This is my frontend code:

<html>
   <head>
      <h1><b>Super resolution image treatment</b></h1>   
      <body>
        <form action="http://127.0.0.1:8000/" method="post" enctype="multipart/form-data">

            <label for="taskname" style="font-size: 20px">Task name*:</label>
            <input type="text" name="taskname" id="taskname" />
    
            <label for="tasknumber" style="font-size: 20px">Task number*:</label>
            <input type="number" name="tasknumber" id="tasknumber" />

            <b><p style="display:inline"> * Cannot be null</p></b>
            <button type="submit" value="Submit">Start</button>
         </form>
      </body>
   </head>
</html>

So the frontend page looks like this:

enter image description here

When the processing is finished in the backend, after the user submitted some data, the return statement from FastAPI backend simply redirects the user to a new page showing only the return message. I was looking for a alternative that would keep the HTML form appearing and display the message returned from the server below this form. For example:

enter image description here

I searched in FastAPI documentation about requests, but I haven't found anything that could avoid modifying my original HTML page.
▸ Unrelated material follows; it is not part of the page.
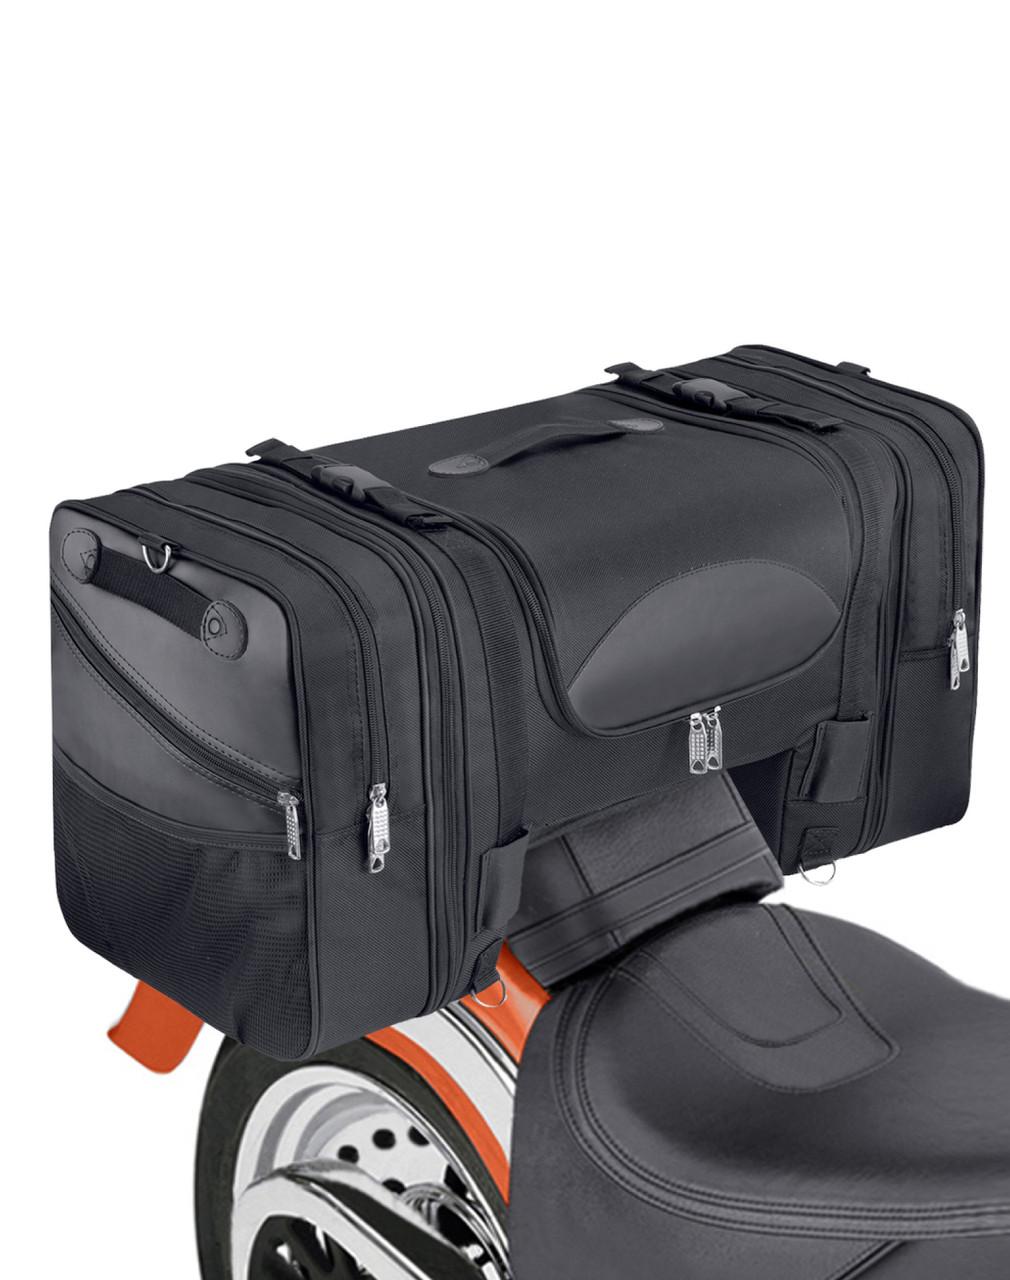 Victory Viking Expandable Cruiser Motorcycle Tail Bag
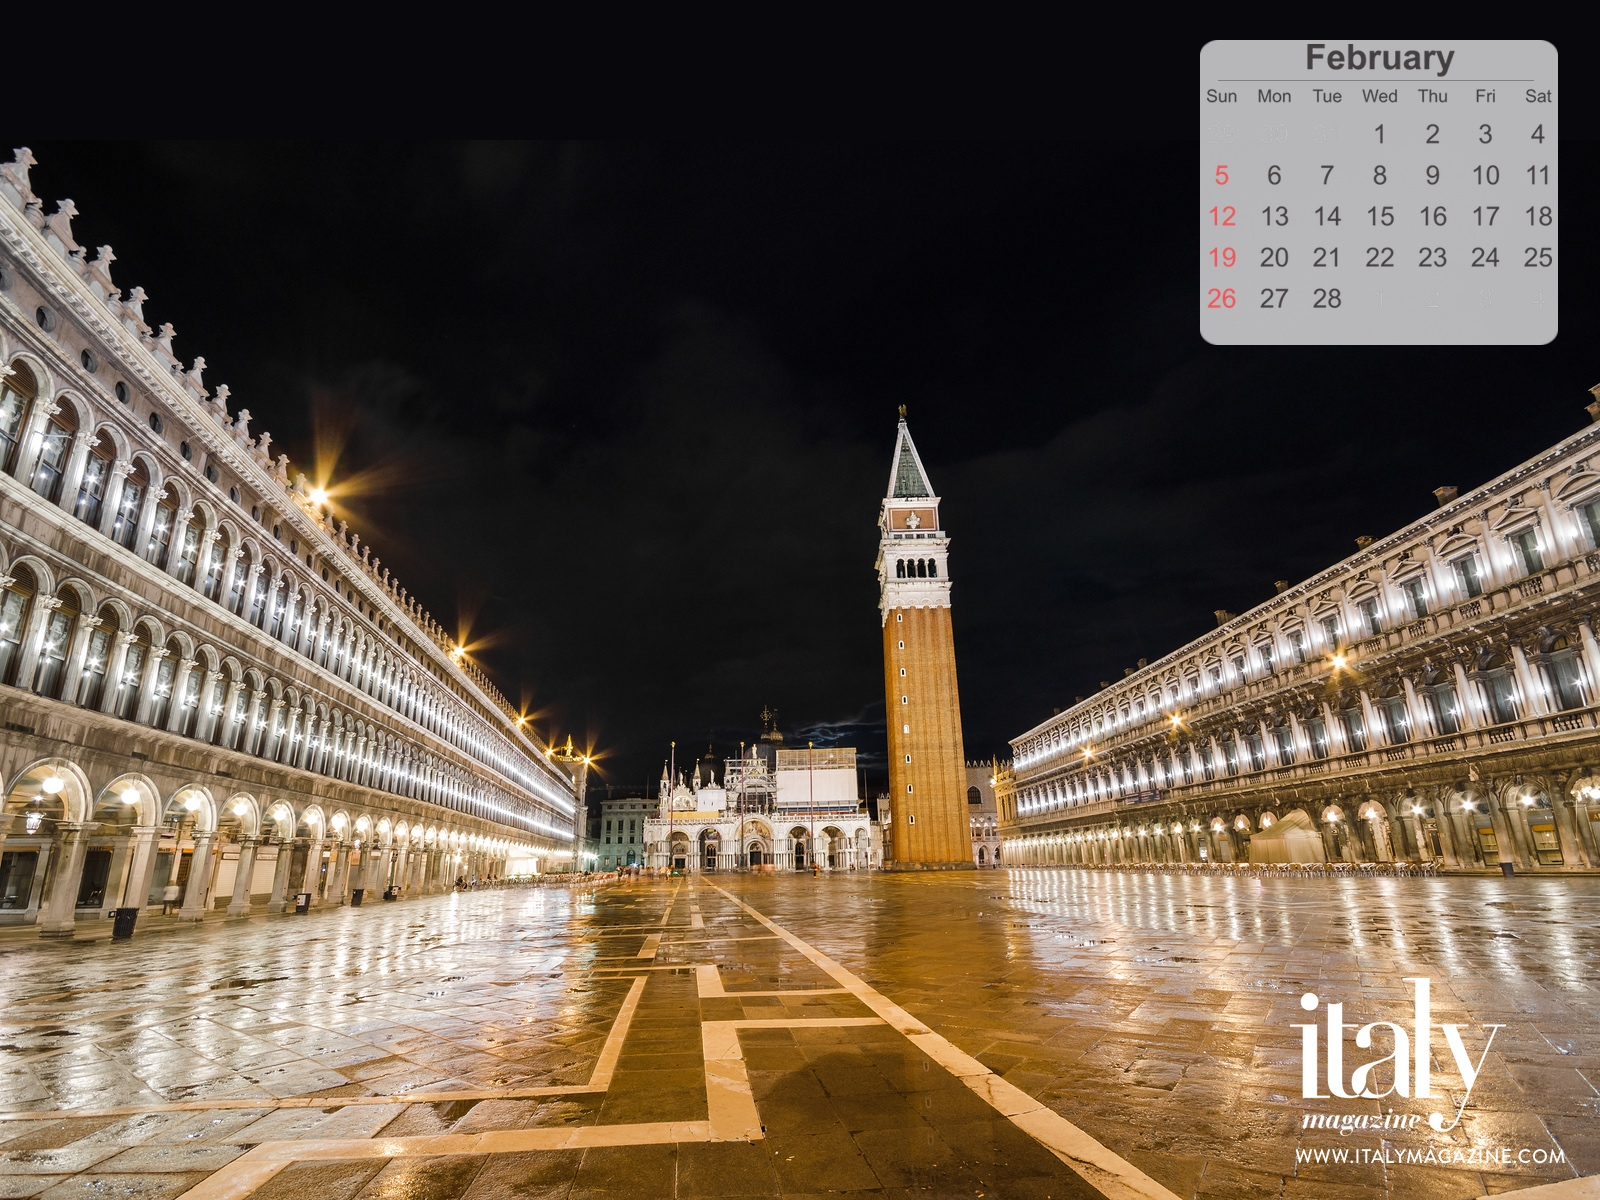 Calendar Clock Wallpaper : Wallpaper calendar february 2017 italy magazine

Psychosis answered 29/3, 2022 at 15:50 Comment(2)
You’ll need to make an AJAX call to the API using something like the Fetch API. Duplicate of How can I make an AJAX call without jQuery?Gilthead
@esqew, it may be, but the answer I got here was way clearer to solve the problem and moreover it shows how to integrate it with a HTML code. So I'll check 'not duplicate' thinking about future people that might have the same doubt.Psychosis
J
1

You would need to use a Javascript interface/library, such as Fetch API, to make an asynchronous HTTP request. Also, you should use Templates to render and return a TemplateResponse, instead of FileResponse, as shown in your code. Related answers can also be found here and here, which show how to handle <form> submission on the submit event, and prevent the default action that causes the page to reload. If you would like to post JSON data instead, have a look at this answer, while for posting both Files and Form/JSON data, have a look at this answer.

Working Example:

app.py

from fastapi import FastAPI, Form, Request
from fastapi.templating import Jinja2Templates

app = FastAPI()
templates = Jinja2Templates(directory="templates")

@app.post("/submit")
async def submit(request: Request, taskname: str = Form(...), tasknumber: int = Form(...)):
    return f'Super resolution completed! task {tasknumber} of {taskname} done'

@app.get("/")
async def index(request: Request):
    return templates.TemplateResponse("index.html", {"request": request})

templates/index.html

<!DOCTYPE html>
<html>
   <body>
      <h1>Super resolution image treatment</h1>
      <form method="post" id="myForm">
         <label for="taskname" style="font-size: 20px">Task name*:</label><br>
         <input type="text" name="taskname" id="taskname"><br>
         <label for="tasknumber" style="font-size: 20px">Task number*:</label><br>
         <input type="number" name="tasknumber" id="tasknumber">
         <p style="display:inline"><b>* Cannot be null</b></p><br><br>
         <input type="button" value="Start" onclick="submitForm()">
      </form>
      <div id="responseArea"></div>
      <script>
         function submitForm() {
             var formElement = document.getElementById('myForm');
             var data = new FormData(formElement);
             fetch('/submit', {
                   method: 'POST',
                   body: data,
                 })
                 .then(resp => resp.text())  // or, resp.json(), etc.
                 .then(data => {
                   document.getElementById("responseArea").innerHTML = data;
                 })
                 .catch(error => {
                   console.error(error);
                 });
         }
      </script>
   </body>
</html>
Jaela answered 29/3, 2022 at 16:22 Comment(0)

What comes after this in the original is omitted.